基于x86-64 Linux-5.0.1的Socket与系统调用深度分析

一、Socket API编程接口

Libc库中定义的一些应用编程接口(Application Program Interface, API)引用了封装例程(Wrapper Routine),一般一个封装例程对应一个系统调用,大部分封装例程返回一个整数,其值含义依赖于相应的系统调用,-1在多数情况下表示内核不能满足进程的请求,Libc中定义的errno变量包含特定的出错码。
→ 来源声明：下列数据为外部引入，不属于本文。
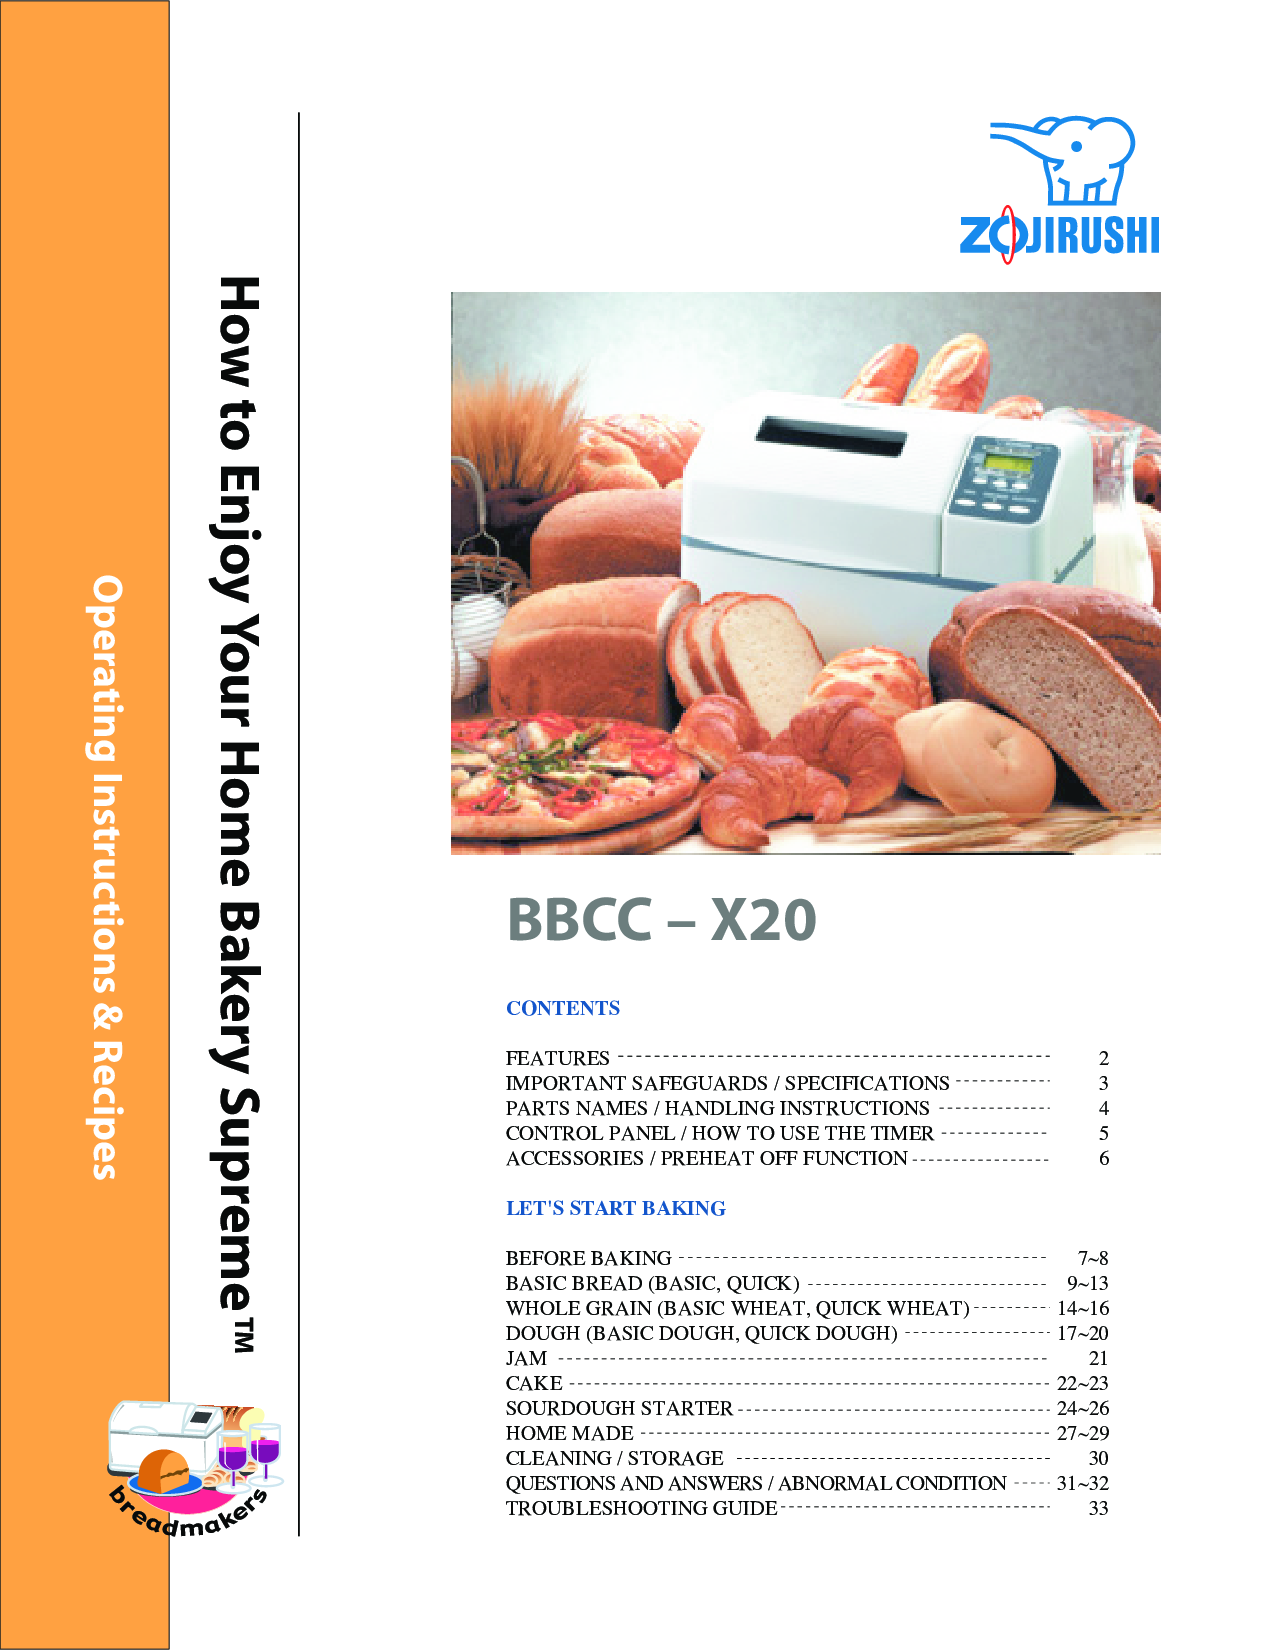 Zojirushi BBCC-X20 User Manual
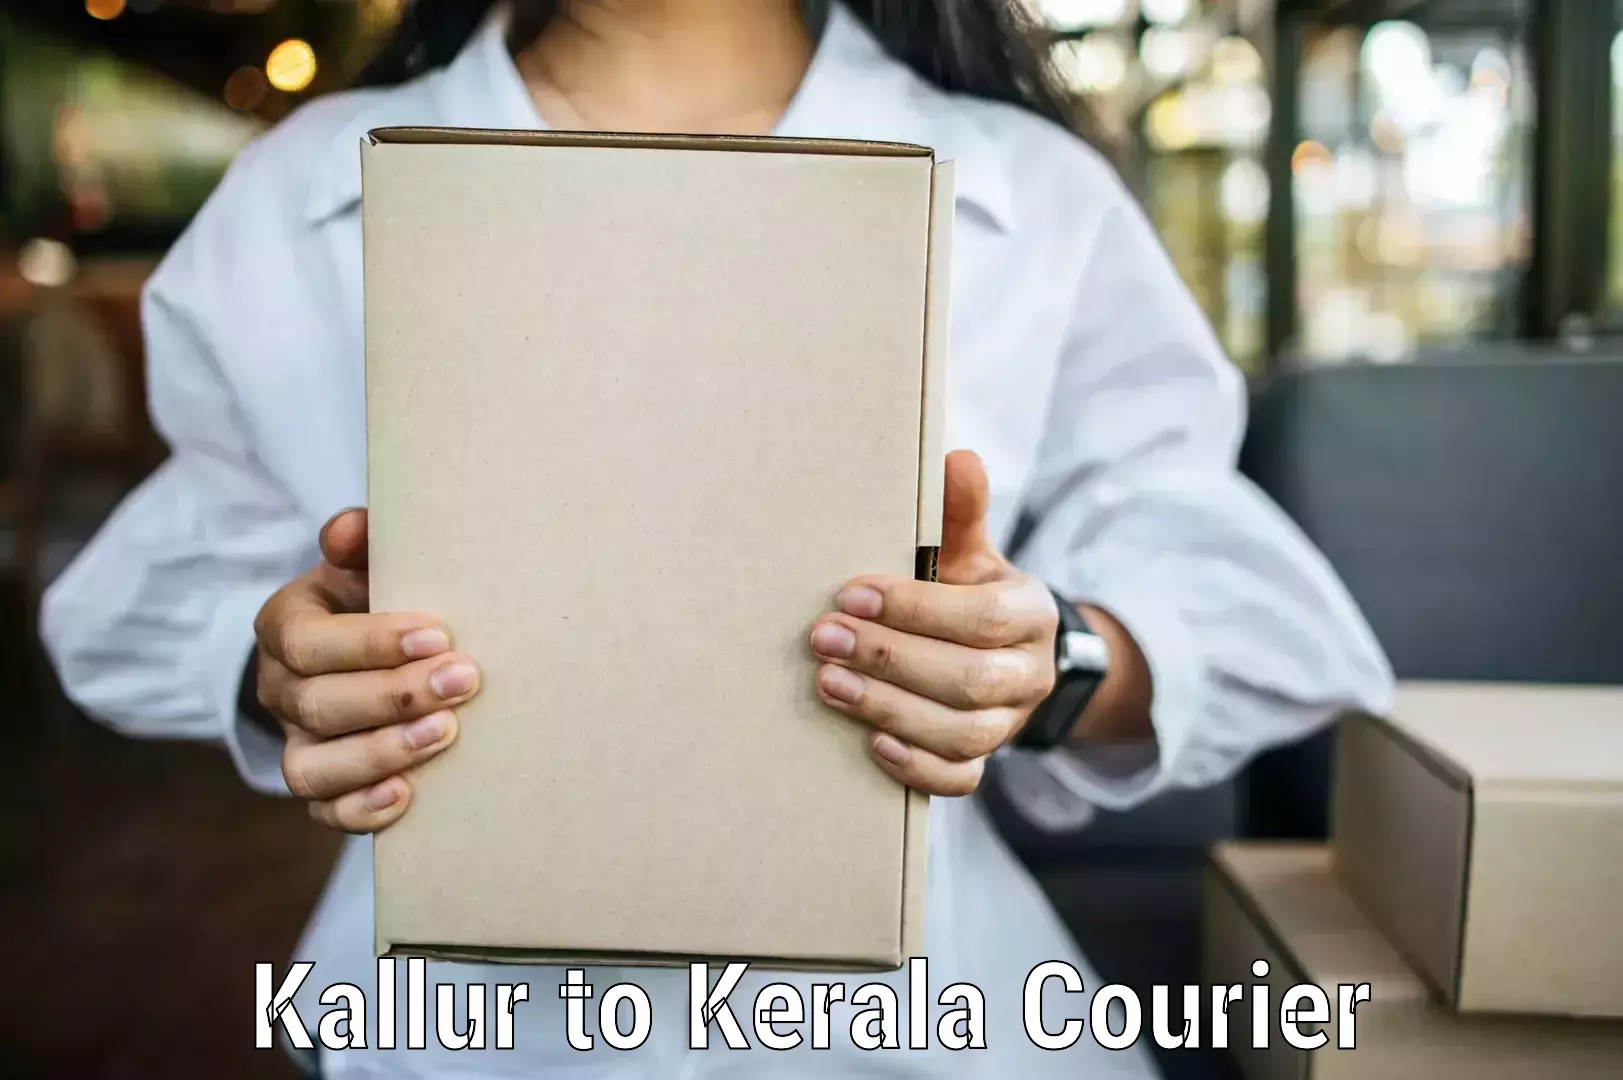 Urban courier service Kallur to Parippally

C语言中的Socket API就是一种涉及系统调用的API,常用的函数如下:

int socket(int domain, int type, int protocol)
//创建一个新的套接字,返回套接字描述符
int connect(int sockfd, struct sockaddr *server_addr, int sockaddr_len)
//同远程服务器主动连接,成功时返回0,失败时返回1
int bind(int sockfd, struct sockaddr* my_addr, int addrlen)
//为套接字指明一个本地端点地址,TCP/IP协议使用sockaddr_in结构,包含IP地址和端口号,服务器使用它来指明熟悉的端口号,然后等待连接
int listen(int sockfd, int input_queue_size)
//面向连接的服务器指明某个套接字,将其置为被动模式,并准备接收传入连接
int accept(int sockfd, void* addr, int* addrlen)
//获取传入连接请求,返回新的连接套接字描述符,为每个新连接请求创建一个新的套接字,服务器只对新的连接使用该套接字,原来的监听套接字接受其他的连接请求。新的连接上传输数据使用新的套接字
int sendto(int sockfd, const void* data, int data_len, unsigned int flags, struct sockaddr* remaddr,int remaddr_len)
//基于UDP发送数据报,返回实际发送的数据长度,出错时返回1
int send(int sockfd, const void* data, int data_len, unsigned int flags)
//在TCP连接上发送数据,返回成功传送数据的长度,出错时返回-1,将外发数据复制到OS内核中
int recvfrom(int sockfd, void *buf, int buf_len,unsigned int flags,struct sockaddr *from,int *fromlen);
//从UDP接收数据,返回实际接收的字节数,失败时返回-1
int recv(int sockfd, void* buf, int buf_len,unsigned int flags) 
//从TCP接收数据,返回实际接收的数据长度,出错时返回-1。服务器使用其接收客户请求,客户使用它接受服务器的应答。如果没有数据,将阻塞,如果收到的数据大于缓存的大小,多余的数据将丢弃
close(int sockfd)
//撤销套接字,如果只有一个进程使用,立即终止连接并撤销该套接字,如果多个进程共享该套接字,将引用数减一,如果引用数降到零,则撤销它

基于x86-64 Linux-5.0.1的Socket与系统调用深度分析

图1 UDP连接涉及的Socket API

基于x86-64 Linux-5.0.1的Socket与系统调用深度分析图2 TCP连接涉及的Socket API

二、系统调用机制及内核中相关源代码

基于x86-64 Linux-5.0.1的Socket与系统调用深度分析

 图3 应?程序、封装例程、系统调?处理程序及系统调?服务例程之间的关系

x86-64Linux系统启动时依次调用以下过程:start_kernel --> trap_init --> cpu_init --> syscall_init,而syscall_init函数实现了系统调用的初始化将中断向量与服务例程进行绑定。除此之外,还要进行系统调用表(对应于sys_call_table 数组)的初始化。在linux-5.0.1/arch/x86/kernel/cpu/common.c中定义了sysycall_init函数:

/* May not be marked __init: used by software suspend */

void syscall_init(void)

{

    wrmsr(MSR_STAR, 0, (__USER32_CS << 16) | __KERNEL_CS);

    wrmsrl(MSR_LSTAR, (unsigned long)entry_SYSCALL_64);



#ifdef CONFIG_IA32_EMULATION

    wrmsrl(MSR_CSTAR, (unsigned long)entry_SYSCALL_compat);

    /*

     * This only works on Intel CPUs.

     * On AMD CPUs these MSRs are 32-bit, CPU truncates MSR_IA32_SYSENTER_EIP.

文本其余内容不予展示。